Room For Playgrounds In The Joints
Then, in 2017, a particularly conservative Court decided that the whole “wall of separation” thing was overblown. In Trinity Lutheran Church of Columbia, Inc. v. Comer (2017), the Court ruled that if the state was going to offer ANY public institutions financial support – in this case, new bouncy rubber “gravel” for their playgrounds – it had to include religious institutions in the mix no matter what the state constitution might say or the original program intend. Hence Trinity Lutheran, an overtly religious institution which proudly proclaimed that everything it did and every facility under its control was there to bring little children to Jesus, would receive the same check directly out of state funds as the public school playground down the street which was just there so kids had a safe place to play – or perhaps instead of it. Blaine was now clearly on life support but still taking up bed space.
In Espinoza v. Montana (2020), the Court danced about on Blaine’s grave and urinated on its tombstone – despite never quite declaring it dead. This was another “school choice” case in which the majority determined that states had no right to exclude religious schools with overtly religious missions from programs paid for with public tax dollars.
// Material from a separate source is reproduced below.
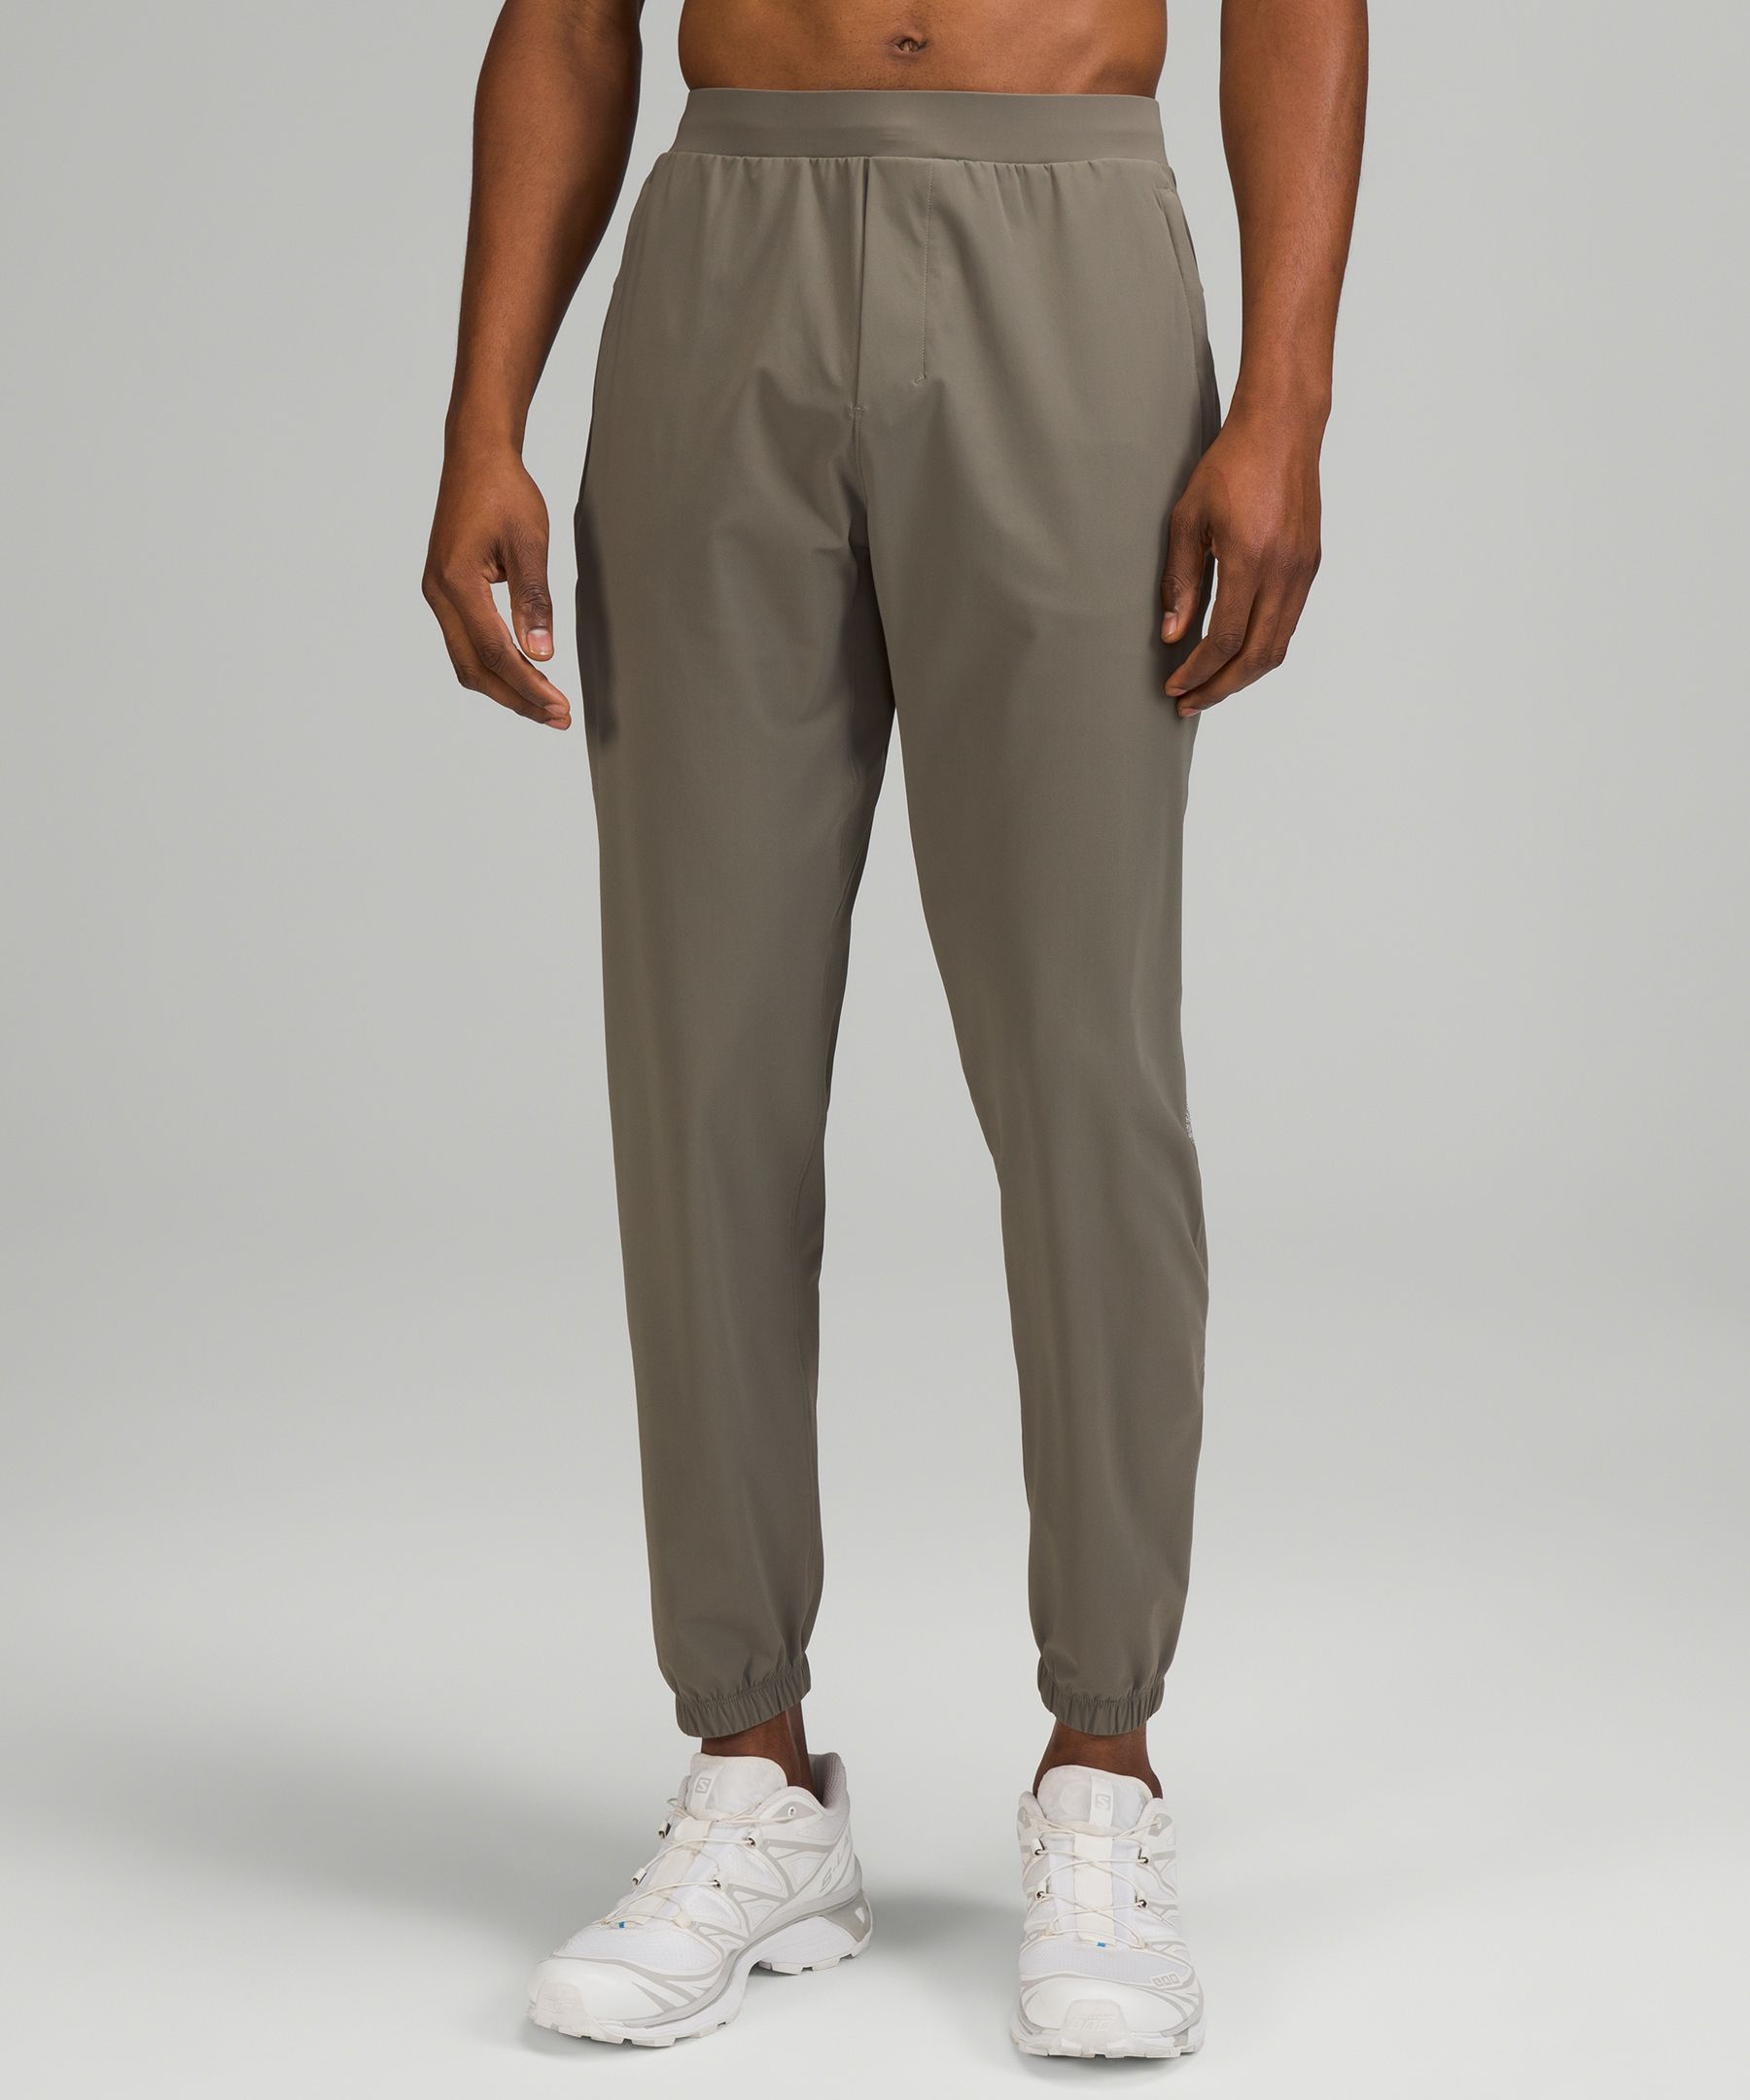 Lululemon Surge Joggers Tall In Rover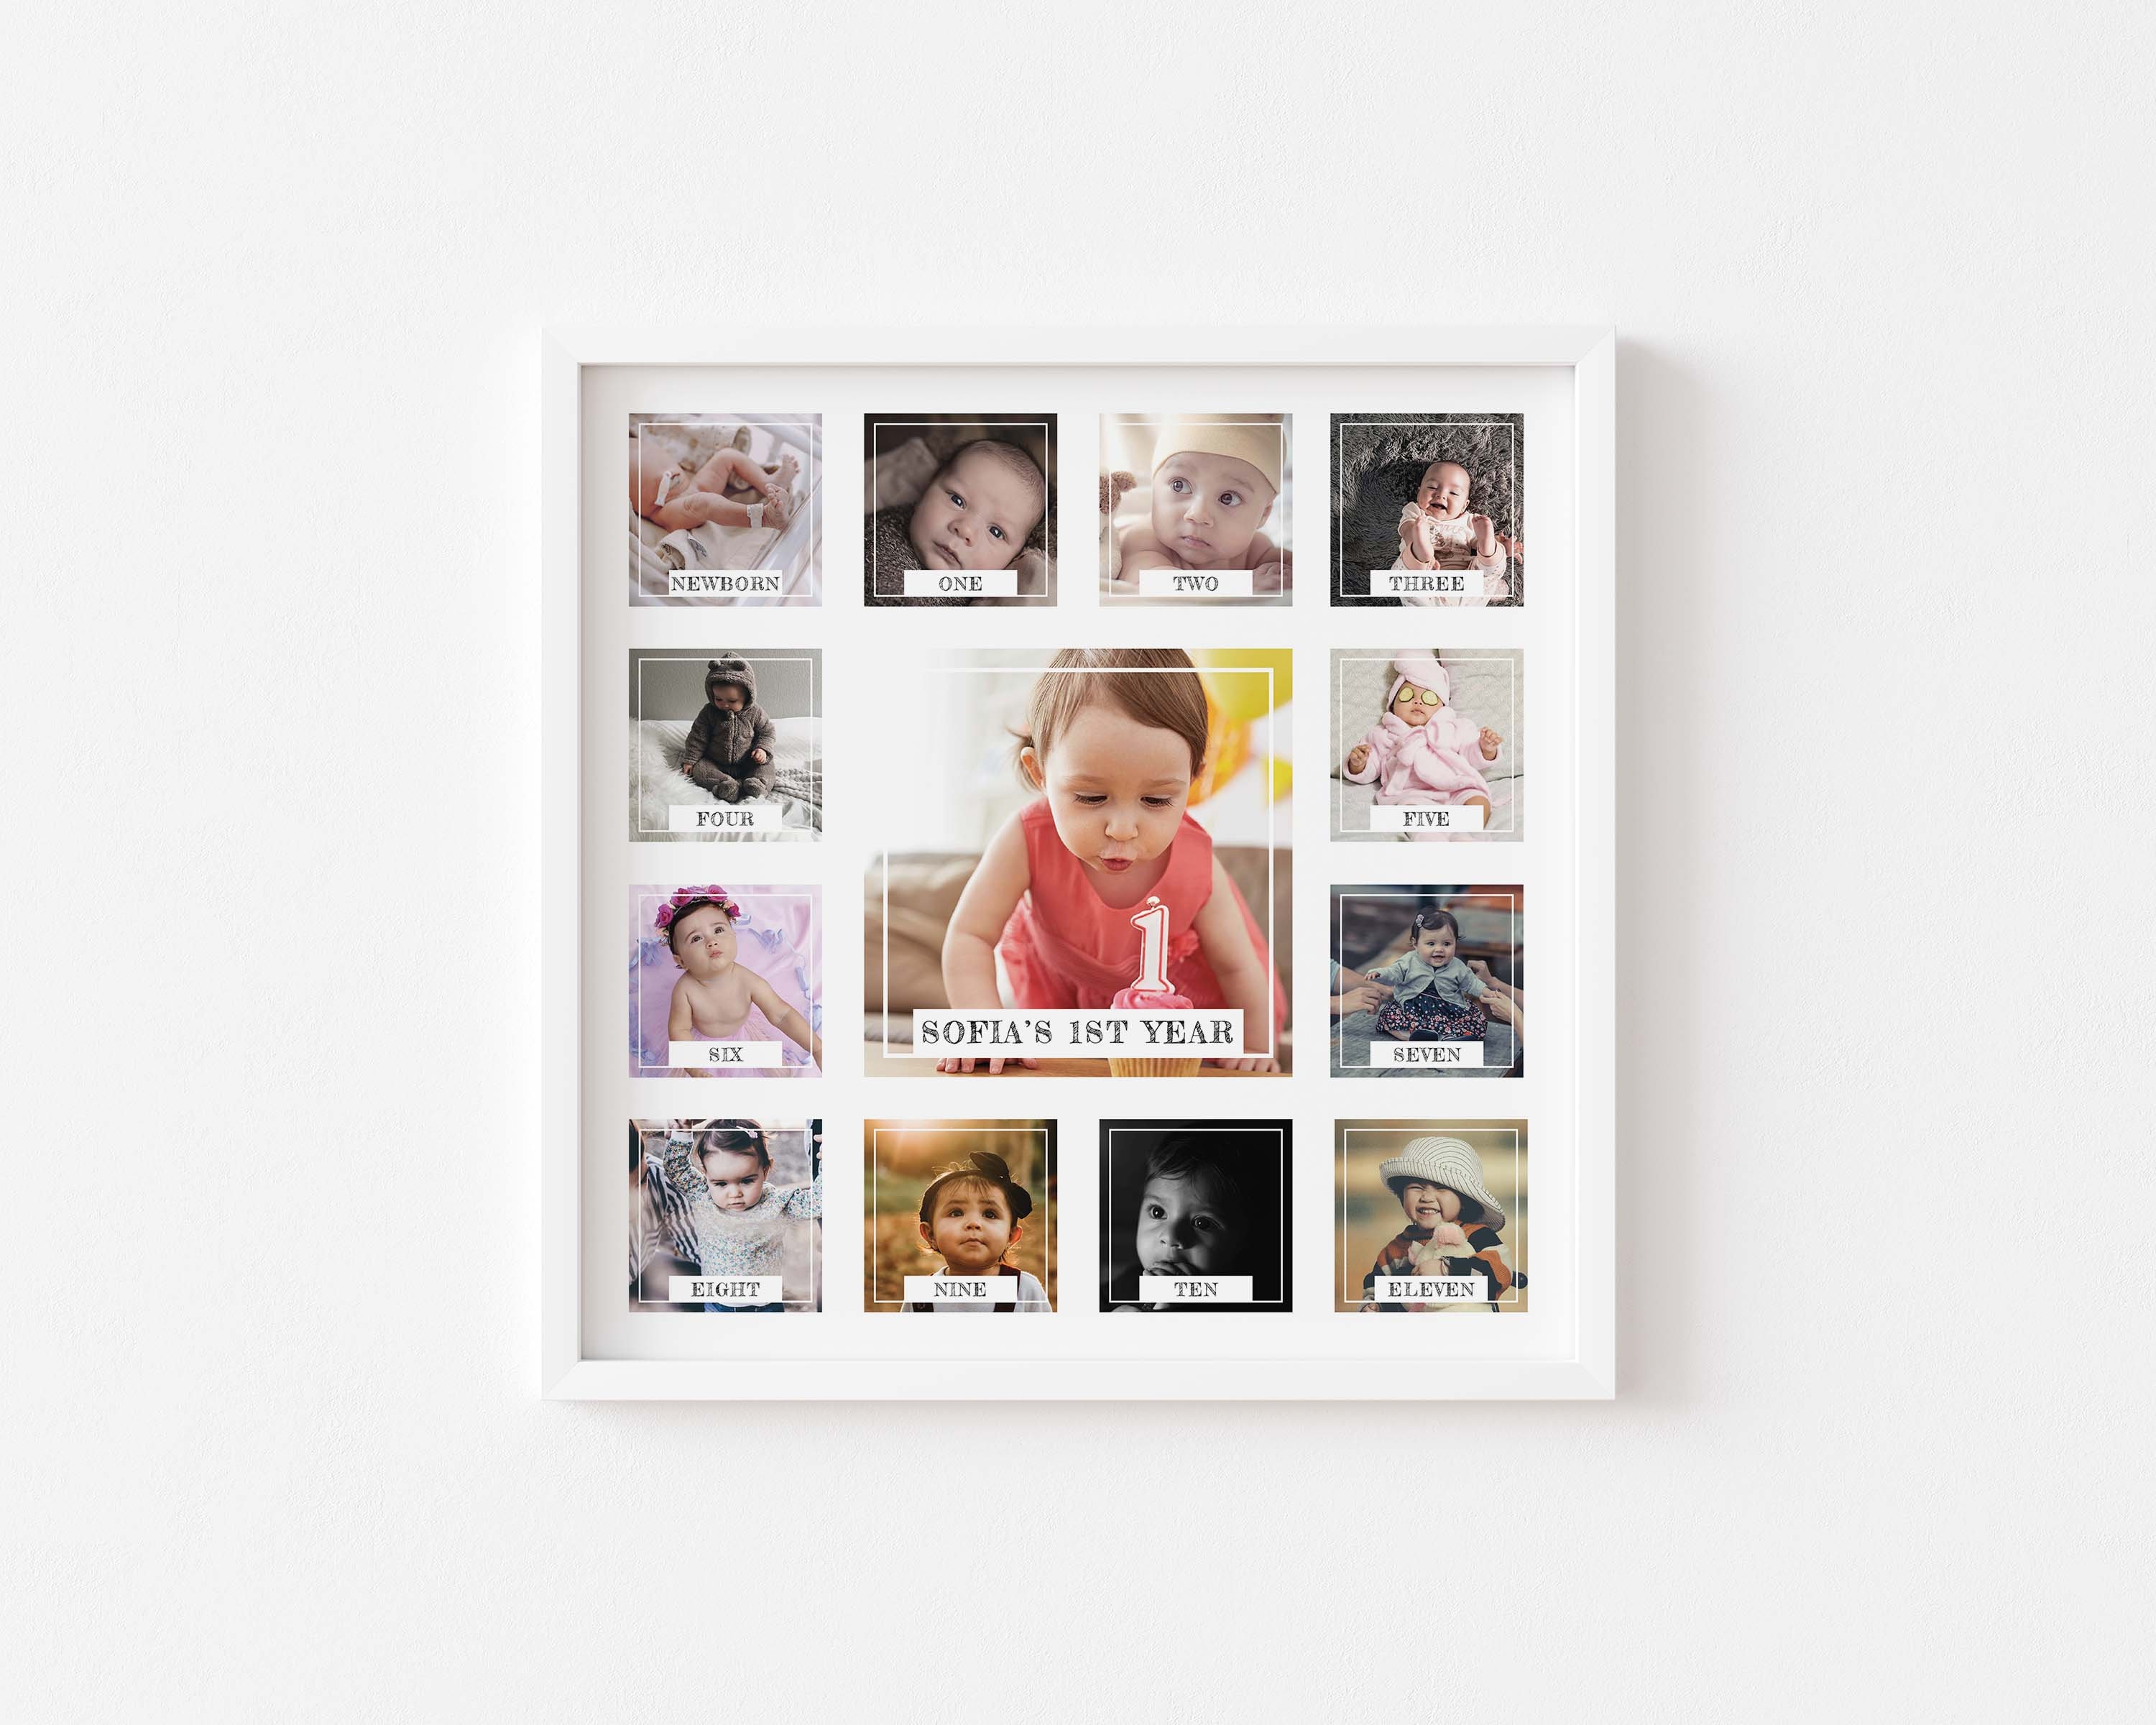 Black My First Year Baby Photo Frame Newborn Baby Keepsake Frame Kit Wood Kids Wall Hanging Picture Frame 12 Month Photo Frame Unique Baby Gifts The Perfect Decorations for Room Wall Feibi

While religious schools were “churches” for purposes of shielding them from most forms of government oversight, they were suddenly “schools” again when it was time for checks to go out, as long as some veneer of “parent choice” was involved in the mix. In Montana’s case, the mechanism was a “scholarship program” in which donors could contribute to “scholarship funds” in exchange for tax credits. The organizations running the “scholarships” would then award them to families to use at private schools of their choice.
Unlike in Zelman v. Simmons-Harris, there was little discussion in the Court’s opinion regarding mechanisms for ensuring funds were equitable – that is, that they actually covered most of the cost of tuition at the private school where they were applied, making it possible for families of limited means to participate alongside those for whom the “scholarship” was simply a nice bonus. The Court expressed little concern with whether or not the institutions in question were focused on providing a quality education across the curriculum or simply promoting their own religious dogma, suggesting that it wasn’t really their place to distinguish between schools that happened to be religious and religious institutions that happened to call themselves schools. The roundabout “scholarships” and “tax credits” system was sufficient to eliminate the need for state oversight of such things in the name of the Establishment Clause, while the Free Exercise Clause meant any effort to limit the use of public funds based on religious status was outright verboten.
The state could either indirectly support everyone who wanted to play, whatever the actual results or applications of the funds, or cancel the program altogether.
And yes, this time the Court called out Blaine by name as it yanked out the IV and held the pillow over its face. It stopped short of declaring Blaine irrevocably deceased, but… let’s just say things aren’t looking too good overall for the whole “church-state separation” thing. Whether that’s a positive or a negative depends on how much you actually paid attention in history class.